=== Input ===
-*-*-
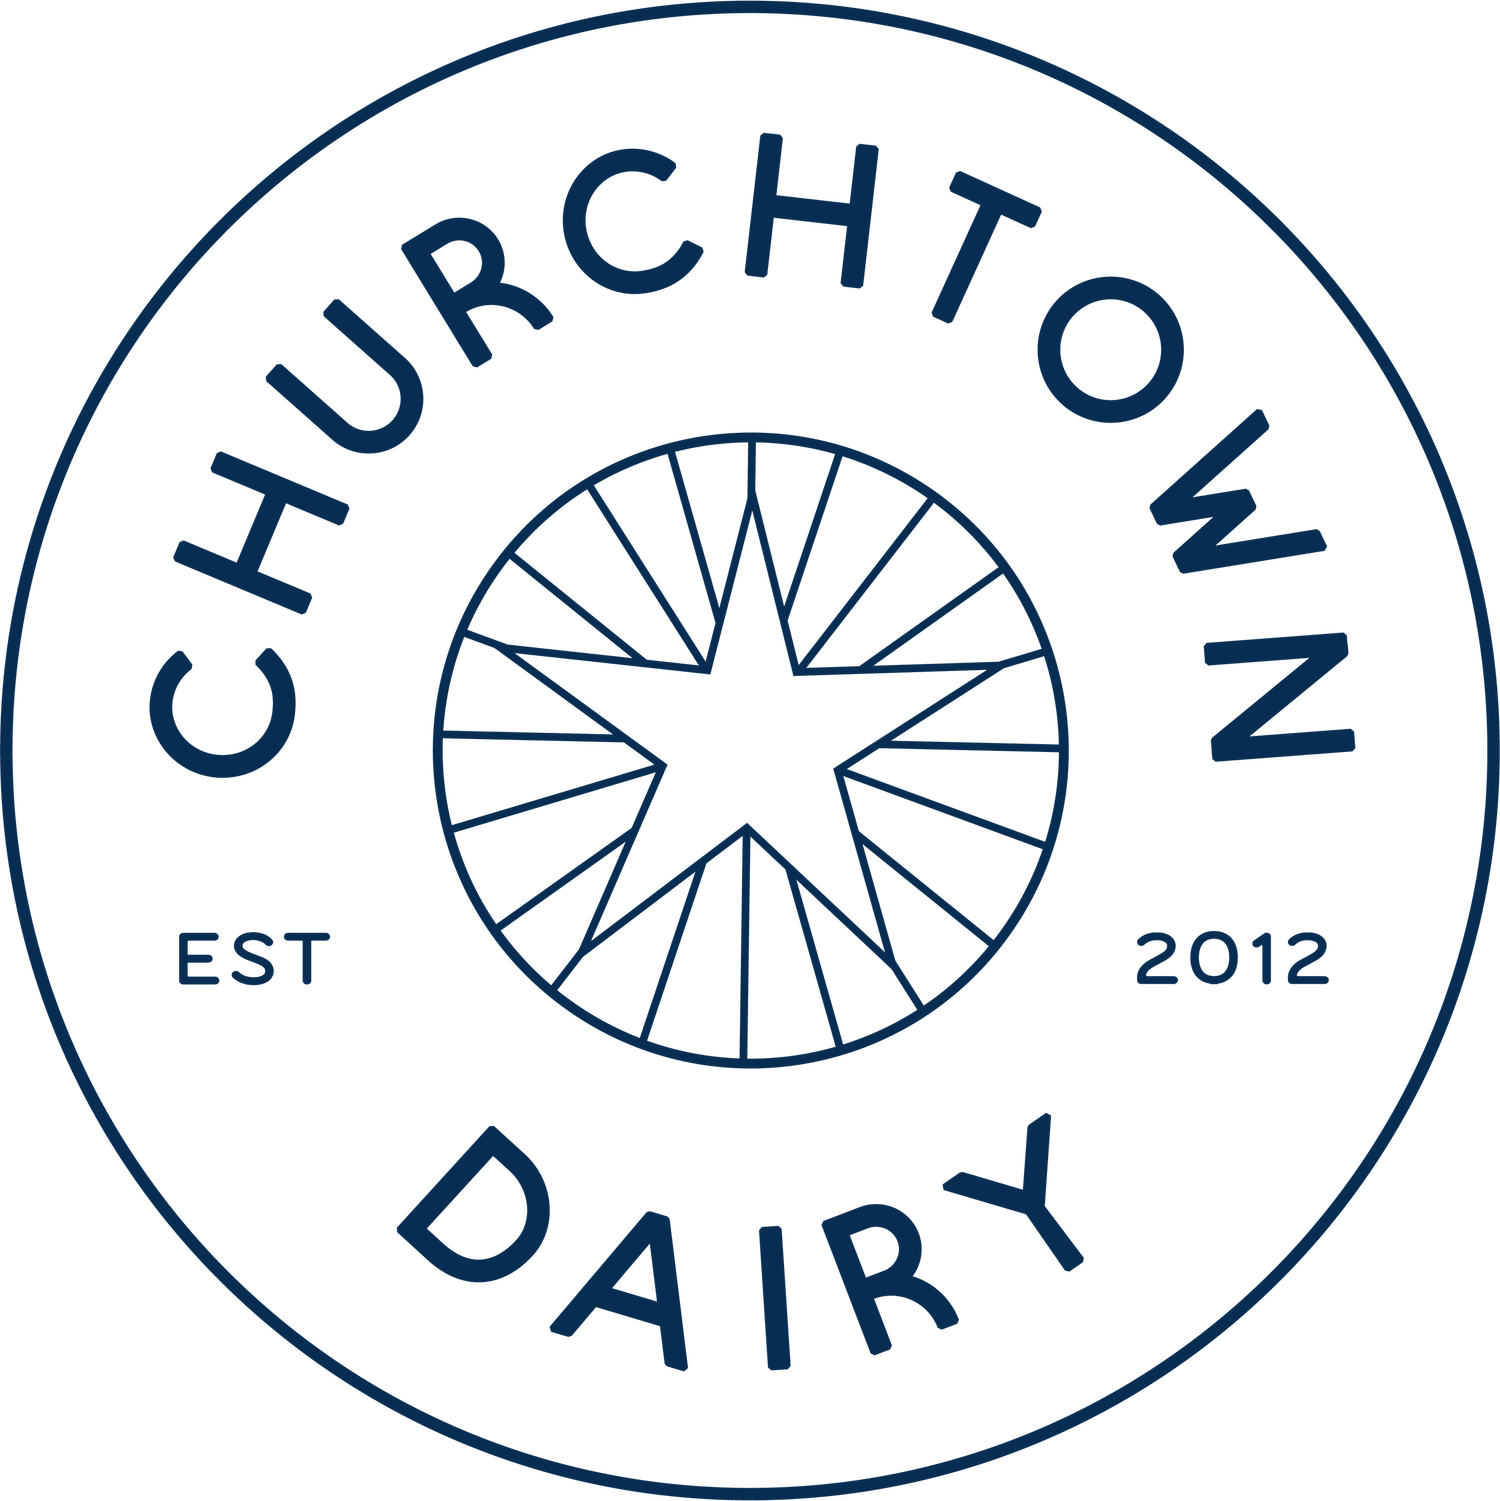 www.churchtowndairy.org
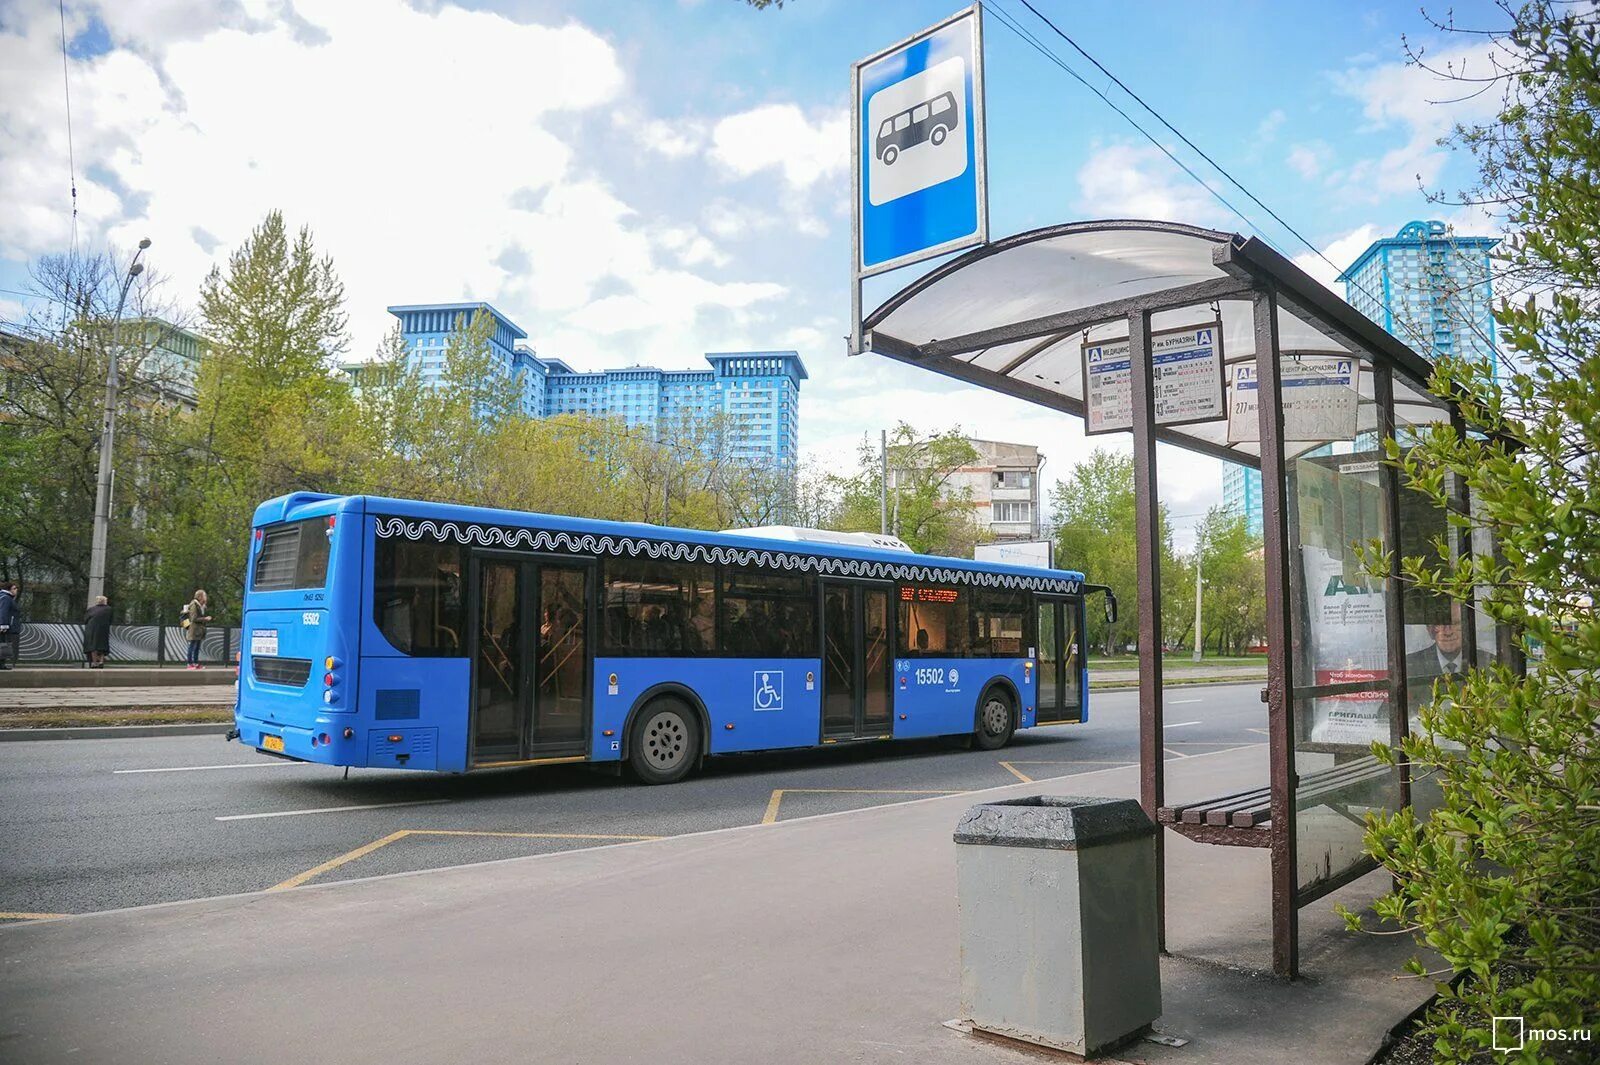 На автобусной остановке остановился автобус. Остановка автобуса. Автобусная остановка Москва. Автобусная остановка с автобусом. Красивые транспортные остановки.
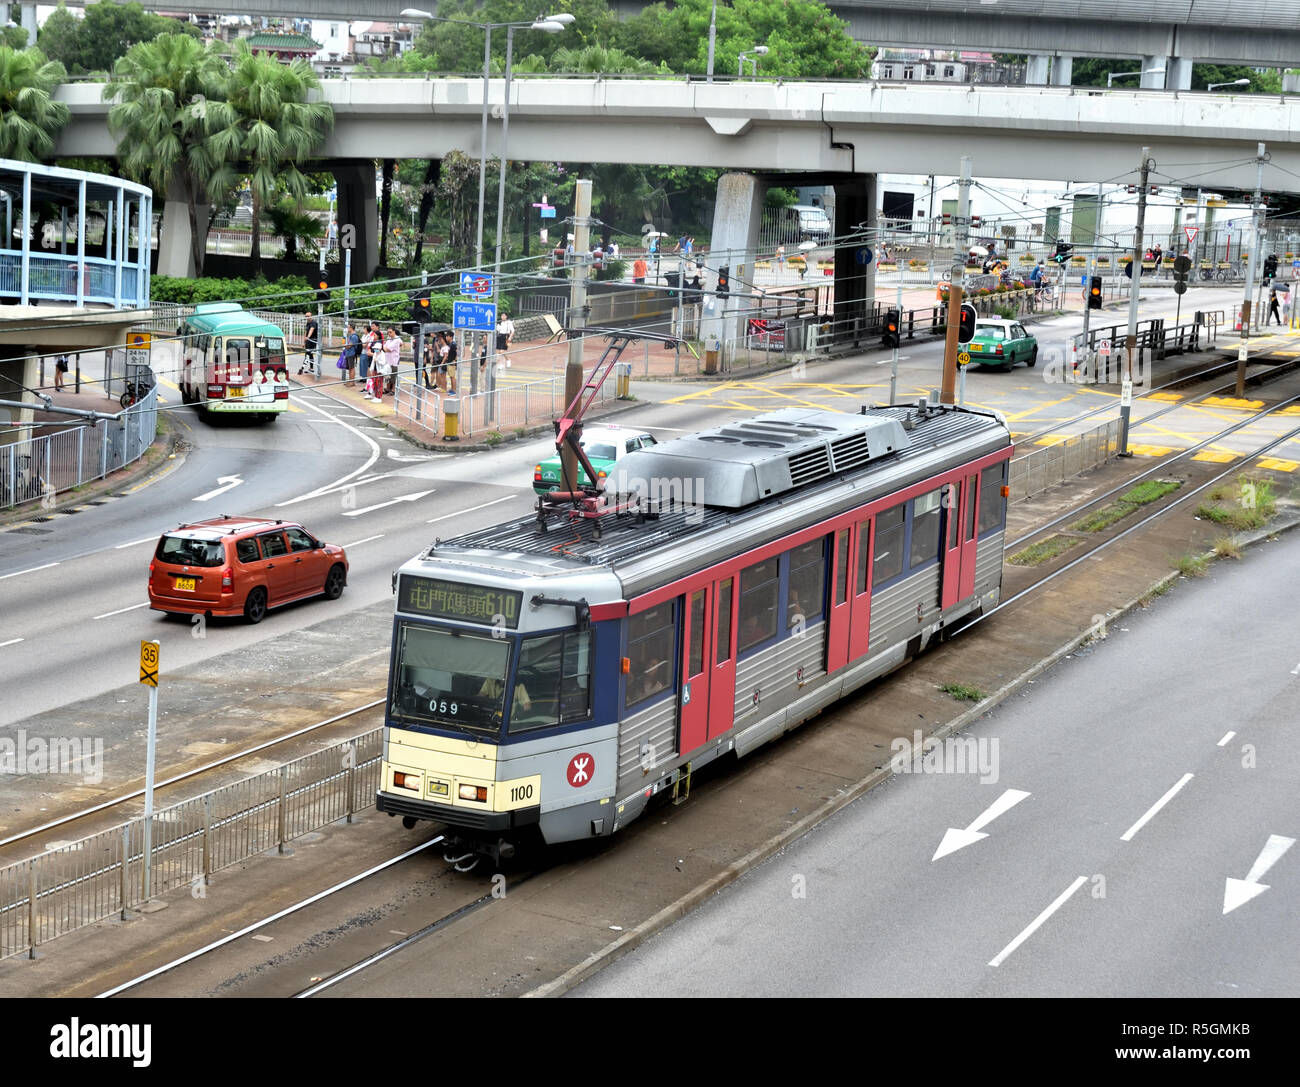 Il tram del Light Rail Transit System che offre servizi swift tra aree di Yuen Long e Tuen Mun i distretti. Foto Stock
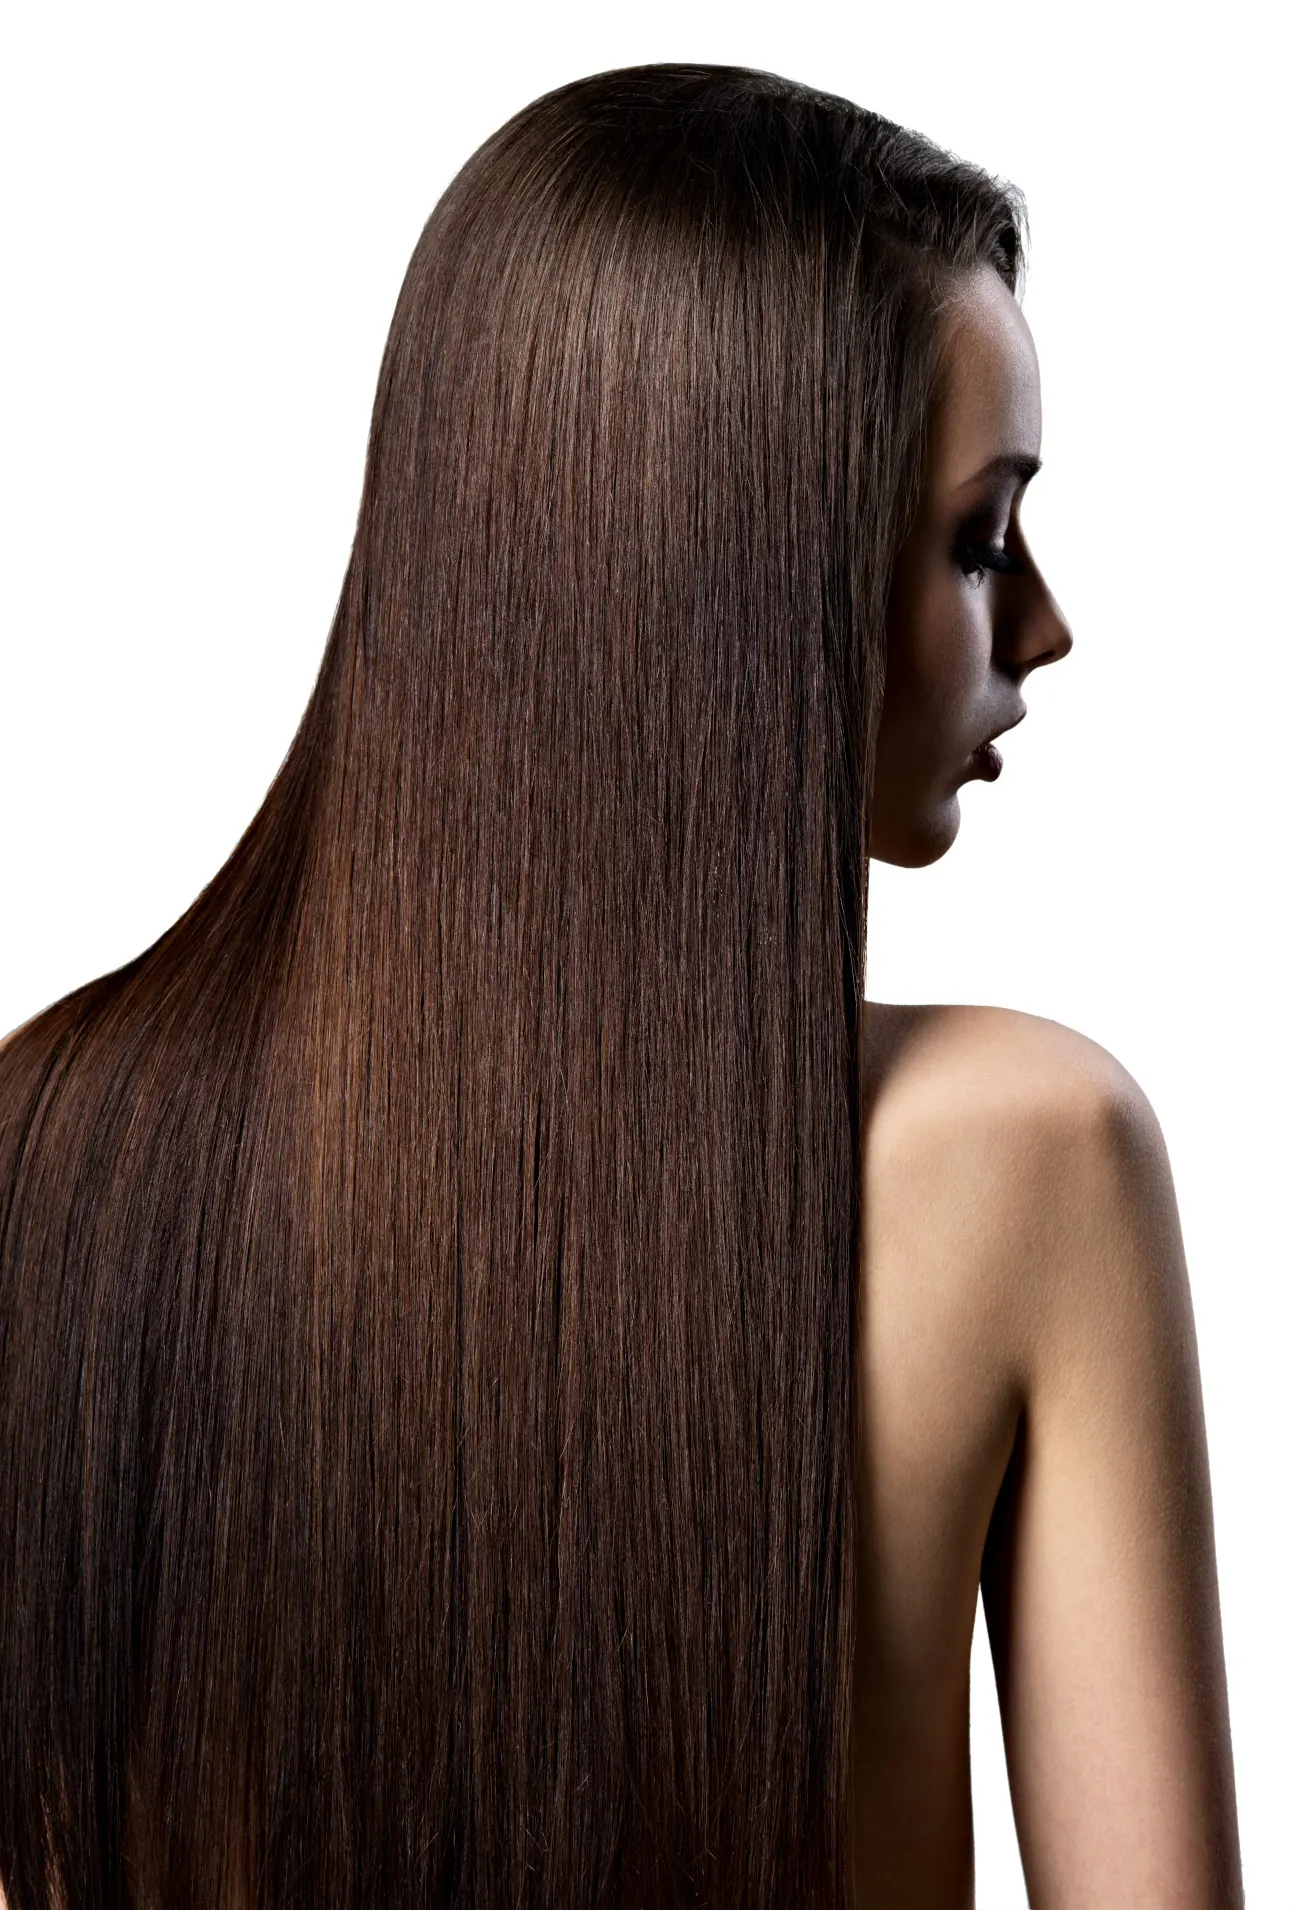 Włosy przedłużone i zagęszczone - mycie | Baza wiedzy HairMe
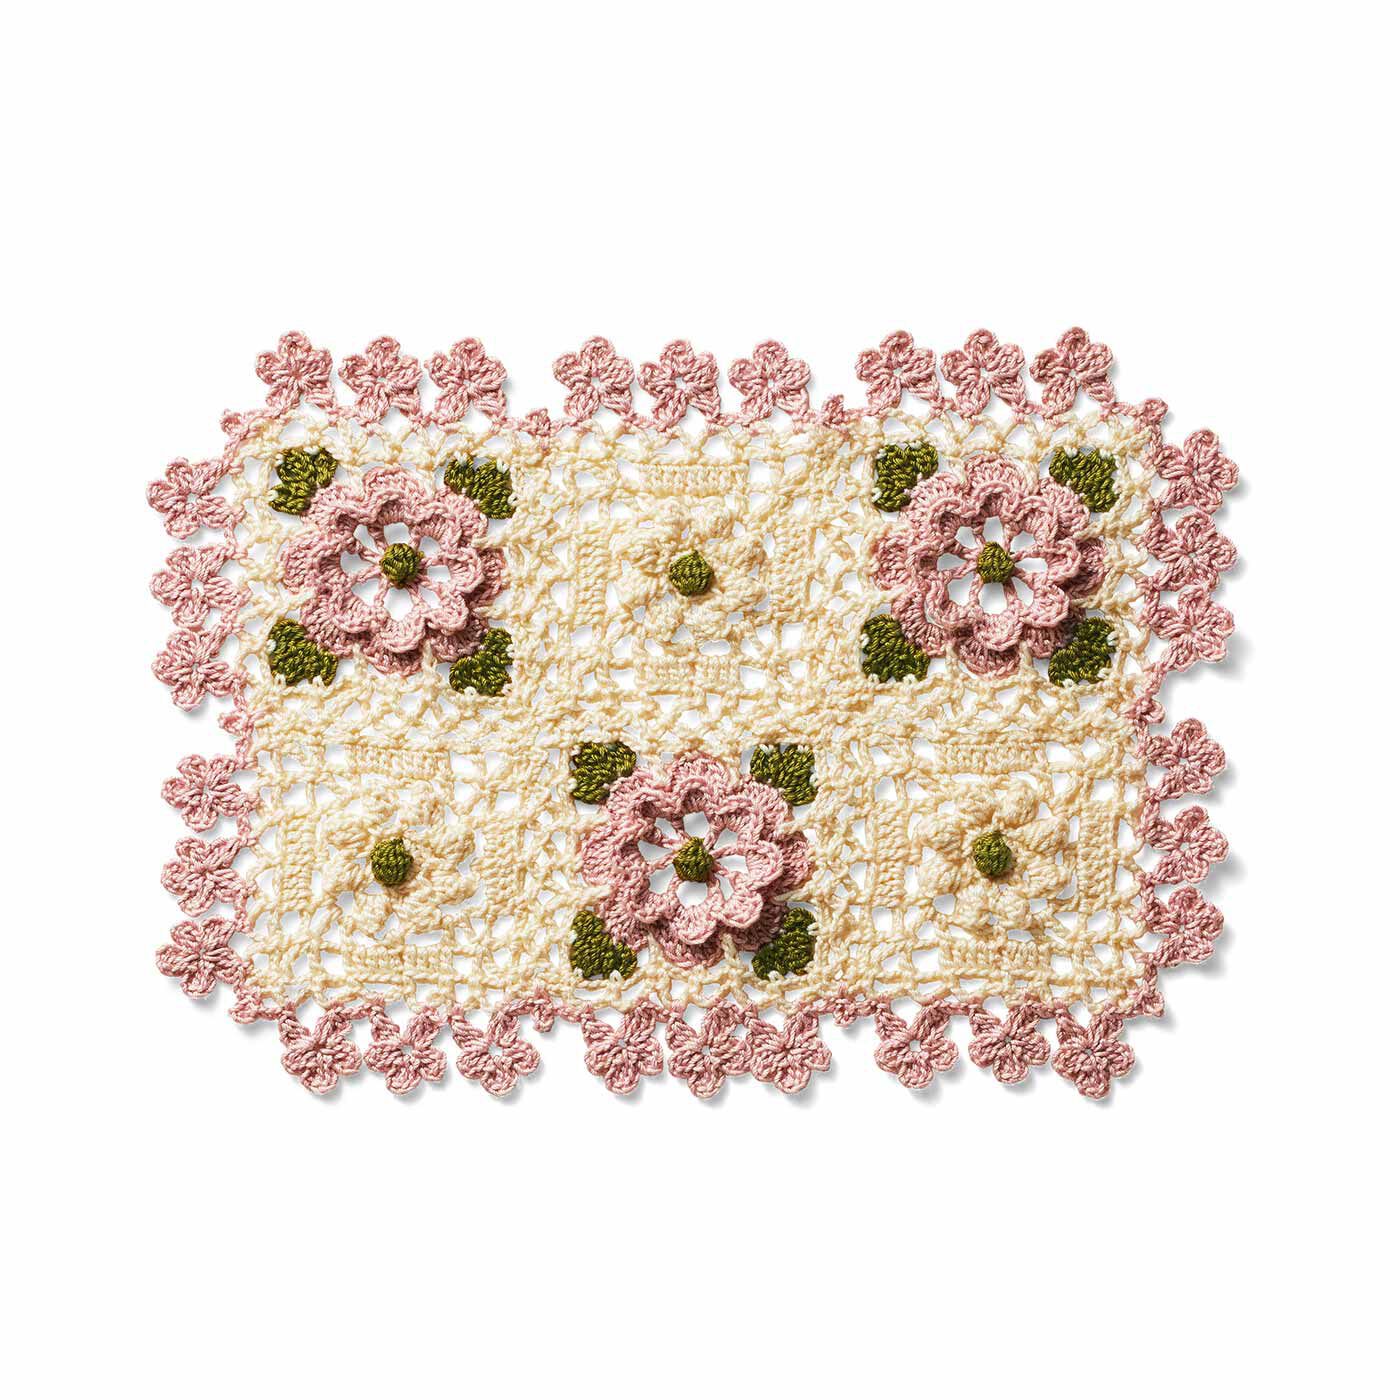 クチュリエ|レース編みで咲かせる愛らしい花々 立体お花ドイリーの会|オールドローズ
-*-*-
=== About this task ===
Repeat exactly the lines in the entries from the one containing "На автобусной остановке" to the final line, inclusive, and nothing beyond them; skip pictures.

=== The completed task ===
 На автобусной остановке остановился автобус. Остановка автобуса. Автобусная остановка Москва. Автобусная остановка с автобусом. Красивые транспортные остановки.
 Il tram del Light Rail Transit System che offre servizi swift tra aree di Yuen Long e Tuen Mun i distretti. Foto Stock
 Włosy przedłużone i zagęszczone - mycie | Baza wiedzy HairMe
 クチュリエ|レース編みで咲かせる愛らしい花々 立体お花ドイリーの会|オールドローズ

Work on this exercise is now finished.